Categorias
Data Detox

Alguns outros cuidados na hora de navegar pela Internet

Vamos falar de outros cuidados e preparos para uma navegação na Internet mais segura e privativa.

Se você acompanhou algumas dicas até aqui e tomou algumas providências para melhorar a sua relação com as gigantes de tecnologia, como migrar alguns serviços e trocar o seu navegador, provavelmente você está se perguntando que outras coisas você pode mexer para melhorar a sua privacidade, correto?

Então vamos a mais algumas coisas que faço:

Cancelar ou trocar cadastros Facebook e Google em outros sites

logo do Facebook rabiscado, ou rasurado.

Eu sei, é muito, mas muito prático ter um login apenas para decorar. Você já tem uma conta Google, uma Facebook, todos os outros sites do mundo oferecem a possibilidade de você se cadastrar utilizando um cadastro que você já tem, você cadastra em um clique, tudo funciona magicamente.

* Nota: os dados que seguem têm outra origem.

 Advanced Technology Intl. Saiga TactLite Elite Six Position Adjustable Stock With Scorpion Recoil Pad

Mas como justamente estamos tentando tirar os olhos destas empresas de nossas outras atividades digitais, este passo talvez devesse ser o primeiro, antes de tudo o que já mencionei. Exatamente: desassociar mesmo suas atividades de Spotify, Netflix e outros diversos sites e apps que oferecem a opção de se cadastrar com contas Google e Facebook. Que tal apenas usar um e-mail e uma senha?

Claro, você também não vai ter cabeça para seguir os guias de segurança e decorar uma senha diferente de pelo menos 16 caracteres para cada serviço que usa. Então a dica é utilizar um gerenciador de senhas, como o 1Password, o LastPass ou, para quem é ainda mais desconfiado e não confia em nuvem, KeePass.

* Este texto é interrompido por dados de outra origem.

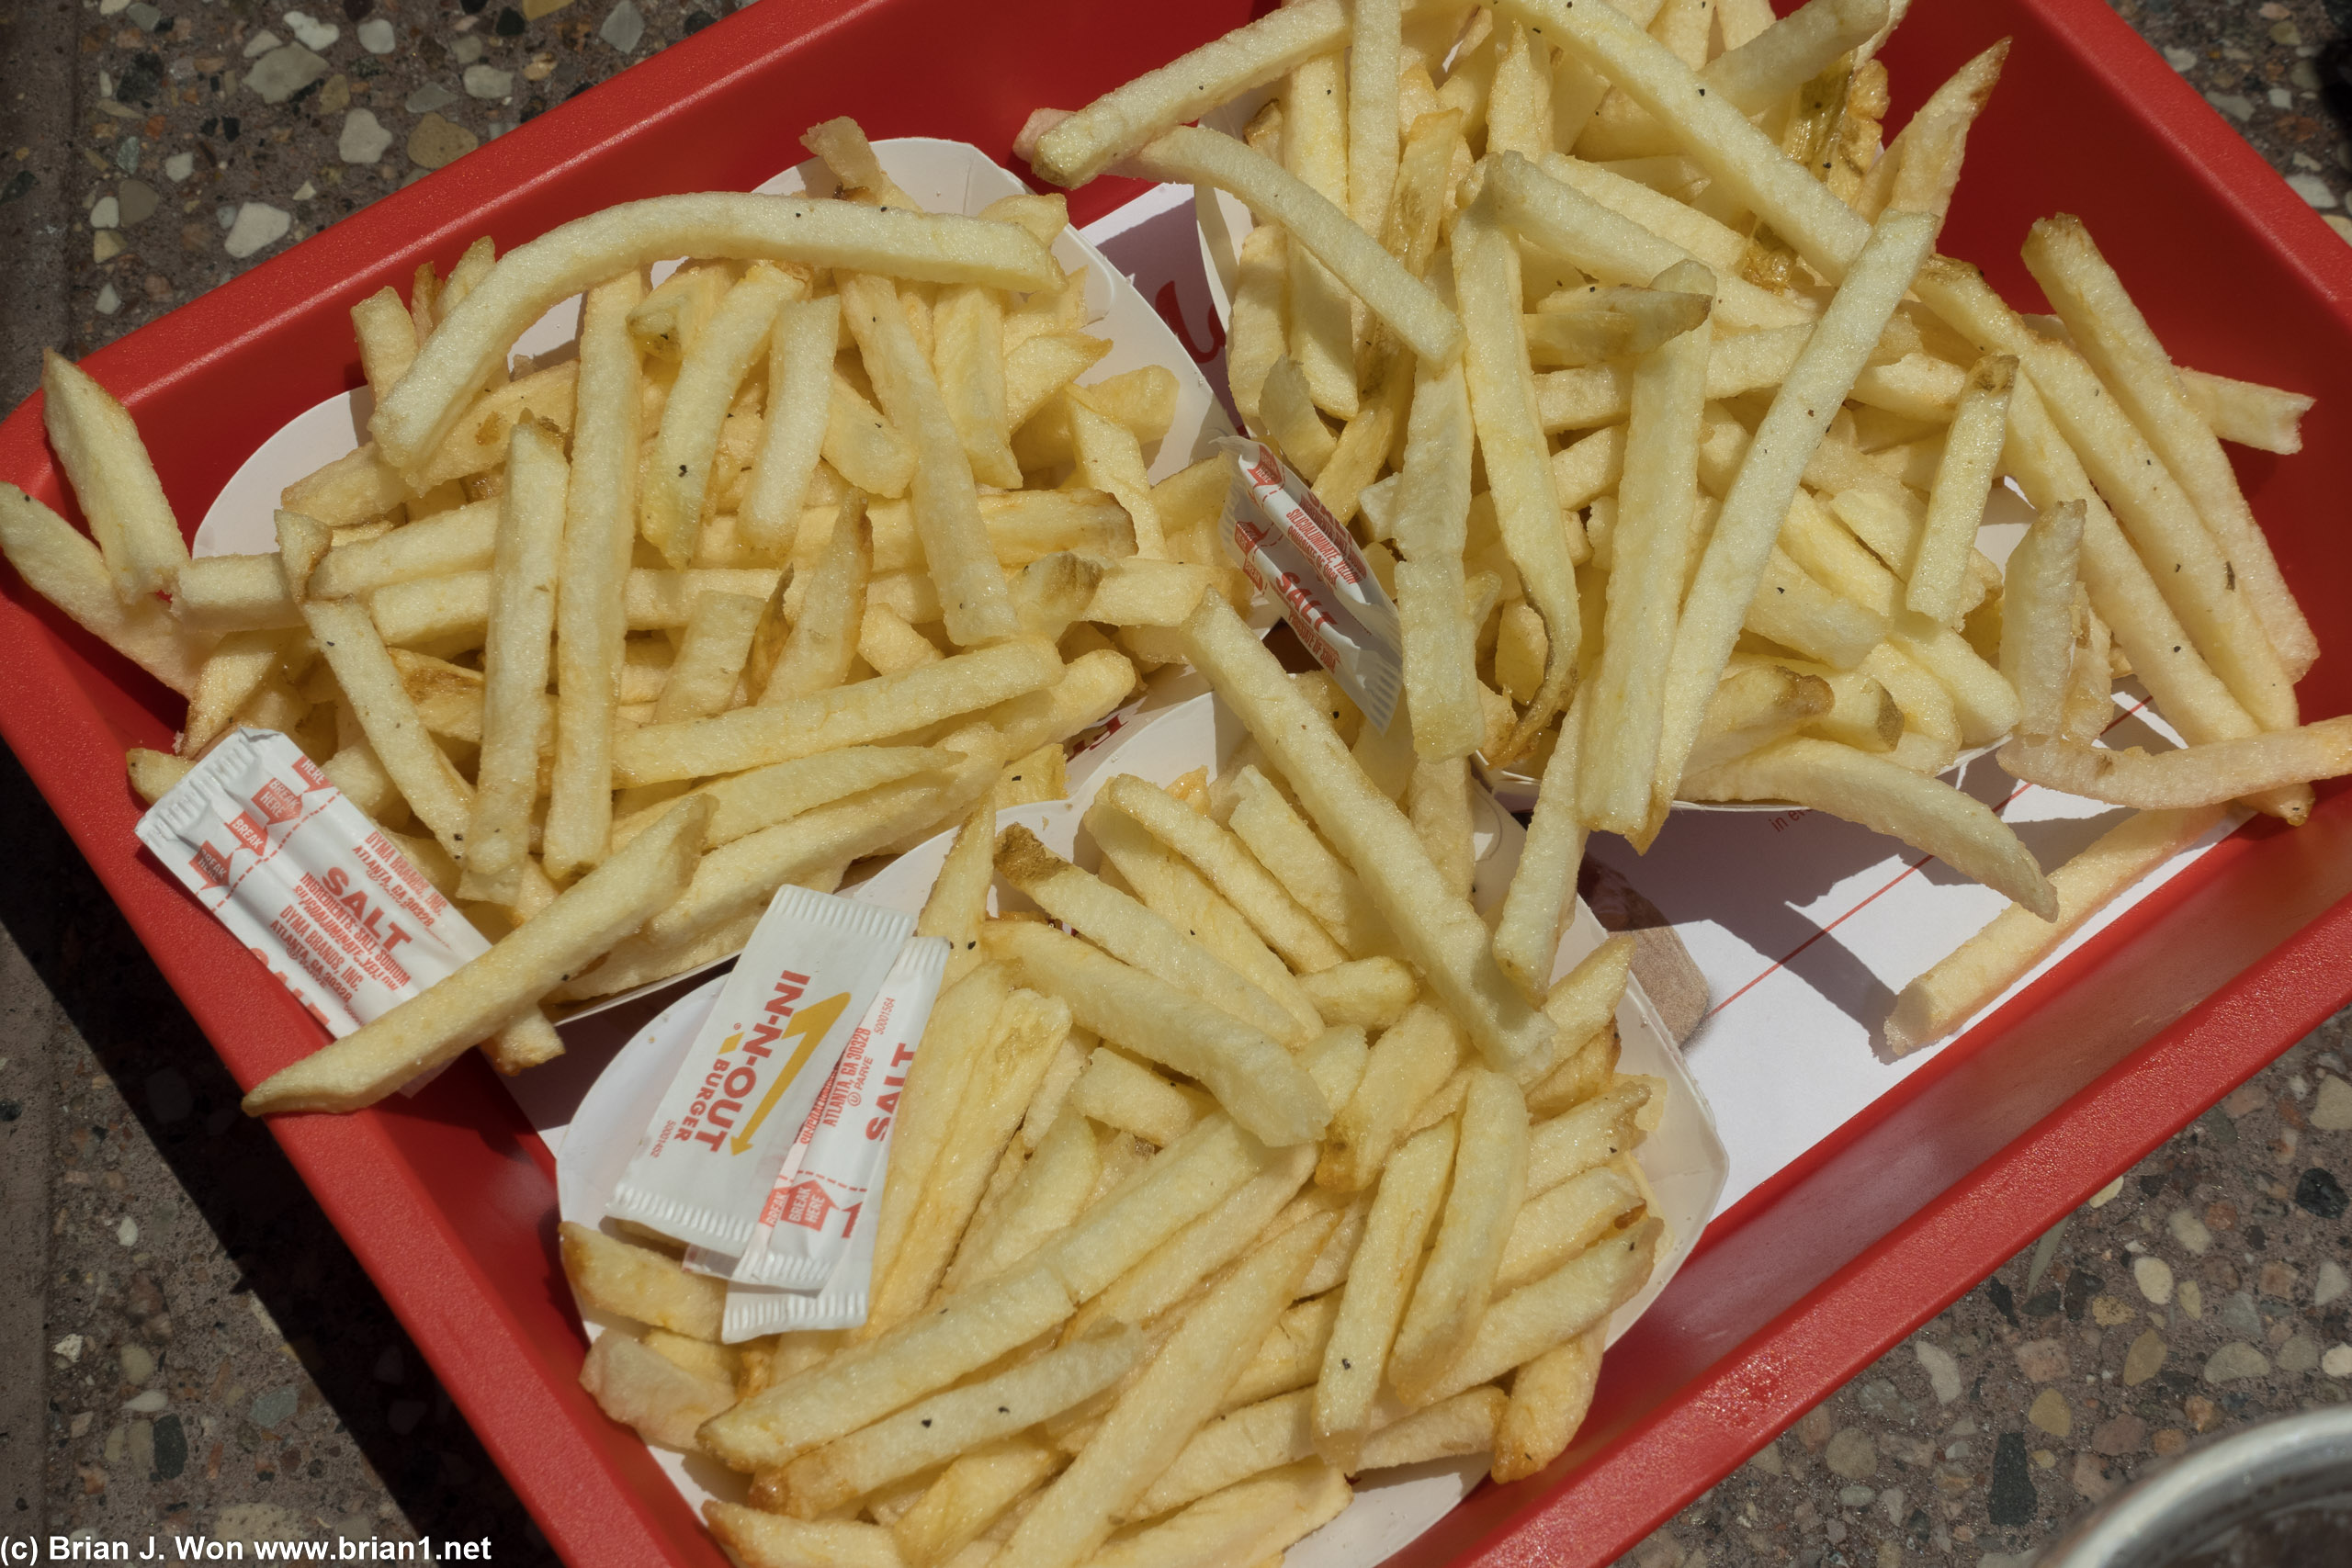 French fries hit the spot.

É um bom exercício para começar: no meio do caminho, você vai perceber que também já nem usa um monte deles. Naquela trajetória de eliminar o GMail, eu aproveitei para trocar diversos cadastros que ou ainda estavam com cadastro direto via Google/Facebook ou utilizavam aquele e-mail como conta.

Outro bom exercício é verificar se o seu e-mail associado a essas contas já esteve em algum dos grandes vazamentos de bancos de dados de empresas de tecnologia, caso não lembre tudo o que precisa apagar. A Mozilla tem um serviço com este fim e você pode inclusive assinar e receber avisos caso seu endereço esteja em algum vazamento futuro.

Ajustes finos de privacidade no Firefox

O navegador Firefox é um dos mais recomendados por especialistas quando o assunto é privacidade. Mais até do que o famigerado Tor Browser (que aliás é derivado do próprio Firefox).

Entretanto, há mais alguns ajustes que podem e devem ser feitos para melhorar a sua privacidade e que vão bem além dos já citados containers para compartimentar a navegação.

Aqui, eu traduzo com algumas opiniões pessoais o guia da Restore Privacy para tornar o navegador ainda melhor.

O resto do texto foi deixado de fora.